With childhood obesity rates alarming parents and medical professionals more than ever — and scientists simultaneously tying exercise to increased learning capacity — a group of Beeman Memorial School adults teamed up to inspire a change.
Now, Beeman kids are stomping out the obesity statistics and firing up their brains for learning, one lap at a time.
Kids outfitted in various apparel from athletic shorts and sweatshirts to jeans, sparkly T-shirts, hair ribbons and yoga pants, trotted around cones on Beeman’s grassy field before school Thursday.
“It’s a good source of exercise,” said third grader Sameera Arif after she finished her laps. “It really wakes me up in the morning.”
The running program, inspired by Rockport Elementary School’s similar and successful running club, kicked off this spring. School Nurse Janet Dickinson said she had been hoping to get this kind of program off the ground for a while, but when All-American runner Peter Asaro joined the teaching team as a para professional and special ed staffer Layce Alves, one of Cape Ann’s leading competitive runners, stepped up to the plate to help, the group hit the ground running.
The kids meet Tuesday and Thursday mornings for about an hour each day. They jog warm ups, then stretch out and follow up with a game-type exercise. Thursday’s game glob tag, a team-style game of tag.
Dickinson elected one volunteer to start as “it,” then joined the girl to help chase others down, laughing, jogging and encouraging the kids to keep on moving. Meanwhile Alves led a group of fifth graders on a mile run.
“They have fun and are moving at the same time,” Dickinson said.
As obesity rates hit highs, a state study from Sept. 2012 discovered that 10.9 percent of adolescents measure obese and another 14.9 percent fall into the overweight range. Of the students that the state surveyed in their state nutrition, physical activity and obesity profile, 23.3 percent did not participate in at least 60 minutes of physical activity on any of the seven days leading up to the survey.

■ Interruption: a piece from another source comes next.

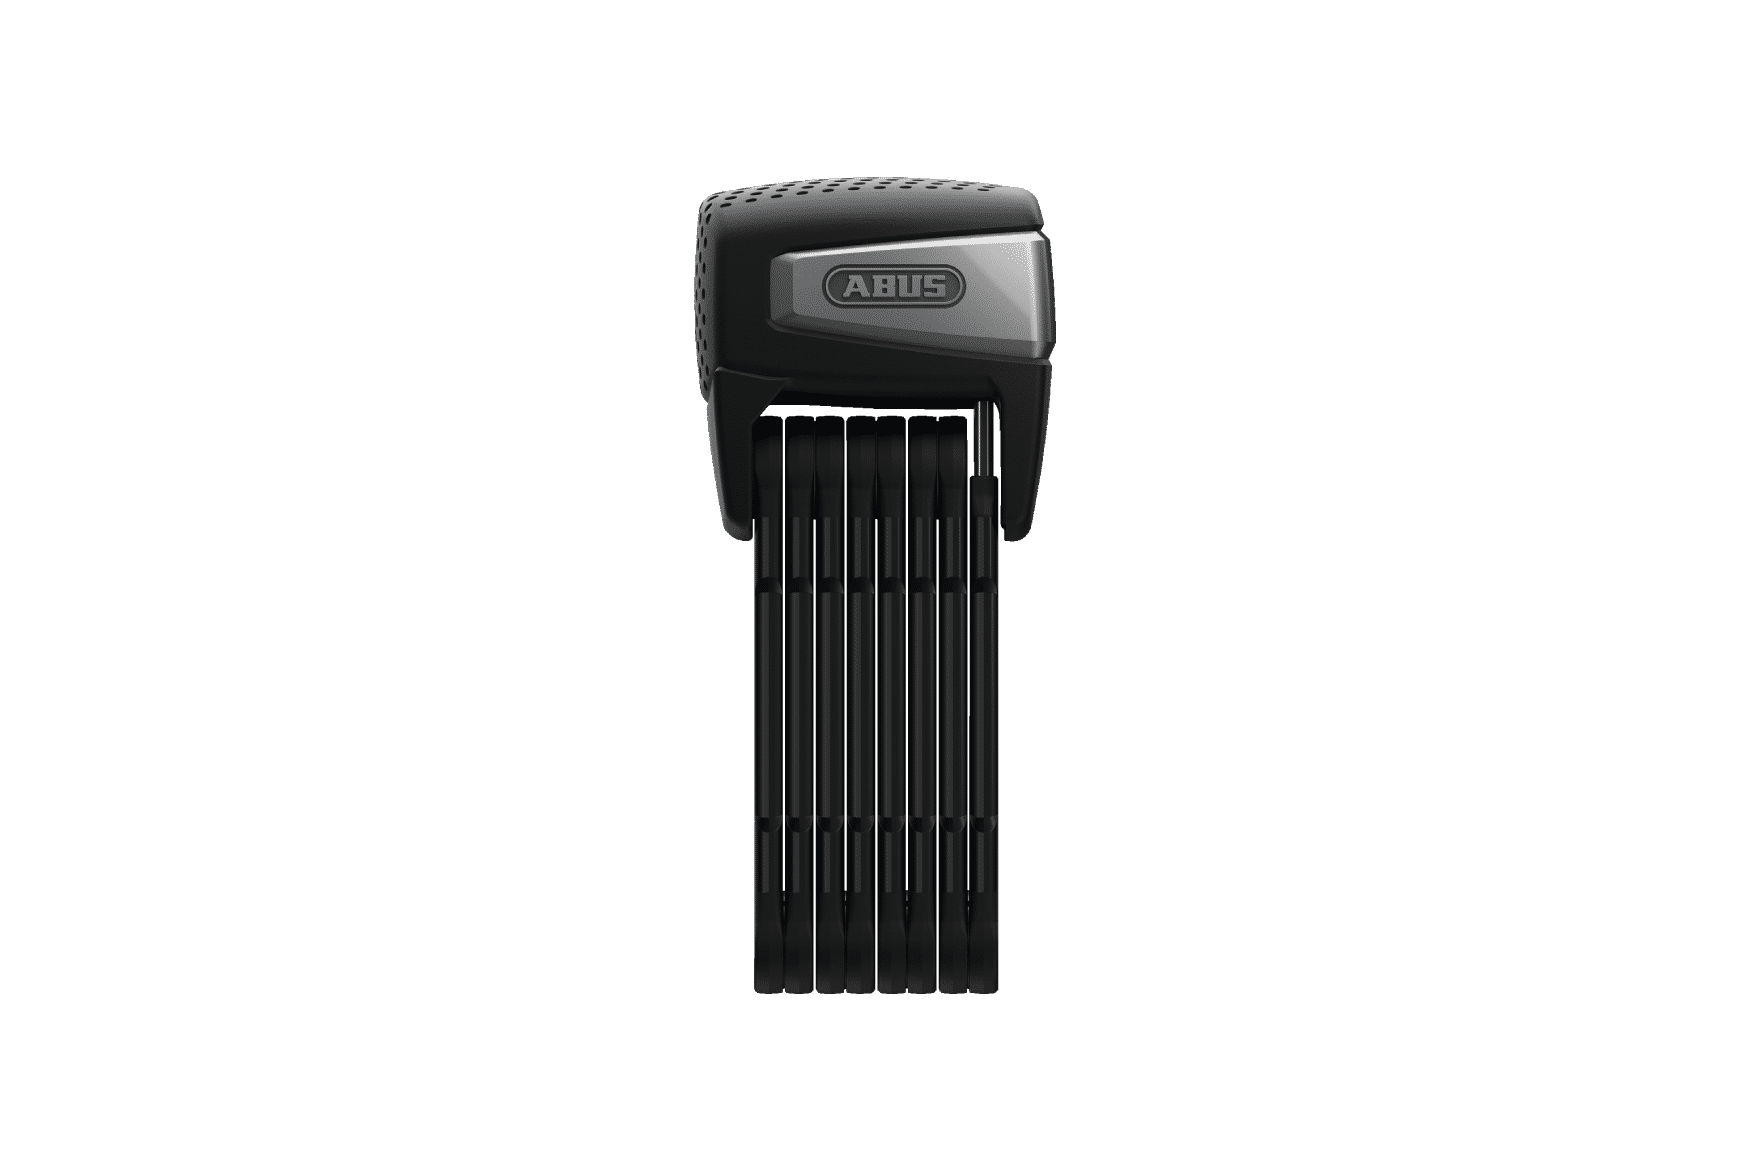 FISHTEC Antivol Velo a Empreinte Digitale sans Cle - Verrouillage  Deverrouillage avec Le Doigt - 20 Empreintes - Rechargeable USB - IP 66 -  107 CM

Dickinson said she was pleased that among the 50 kids in third to fifth grade who joined the before school running program at Beeman, many kids who struggle with obesity showed up on the field too.
“I’m already seeing changes,” Dickinson said. She added “A couple of the kids really have some serious ADD, and I was so happy to see them sign up too because it really helps them stay calm.”
As a nurse, Dickinson has studied how exercise can influence children, not just physically, but behaviorally too. She said numerous studies show “kids learn better when they’re moving.”
One of the things about Rockport’s program, under physical education teacher Erin Canniff, that inspired Rockport resident Dickinson to start her own group at Beeman, was seeing whole families exercise together after a child joined Canniff’s program.
“The parents get motivated and start realizing they need to get going to keep up with the kids,” Dickinson said.
She encourages parents to participate in Rockport’s Fun Run one-mile race May 18 with their children, who swarmed Dickinson with vows to participate after she mentioned the race.
A mother, Janice Uhlig, stood and watched as the kids, including her son, ran squealing and grinning through their tag-like game. Uhlig said she has hesitated to enroll her son in competitive sports, but the running program presented a totally new option for the fifth grader.
“I love this because it’s just running,” Uhlig said. “There’s no winner or loser, it’s just fun.”
She added that seeing her son interact with other kids — ones he may not know well — brings her joy, and she noted that some of the fourth graders could form bonds with fifth graders who they will then know when they move up to the much larger O’Maley Innovation Middle School.
The kids are just as happy to participate as their moms are to watch. With limited recess time, kids crave the active time with friends, and the running club satisfies that ache.
“It gets friends together more and to exercise,” third grader Jenna Smith said, before skipping off to rejoin the game.
Plus, it makes getting out of bed in the morning, something that it turns out even elementary kids struggle with, a little easier and more exciting.
“You can get up and not just stay in bed for three hours,” third grader Daniel Zurbrigg said. “It makes me excited to get here.”
Next year Dickinson hopes to fund the program with grants, to pay the teachers who volunteer their before-school time. She sees the already popular program expanding.
“The proof is in the pudding,” Dickinson said. “The kids see how good they feel.”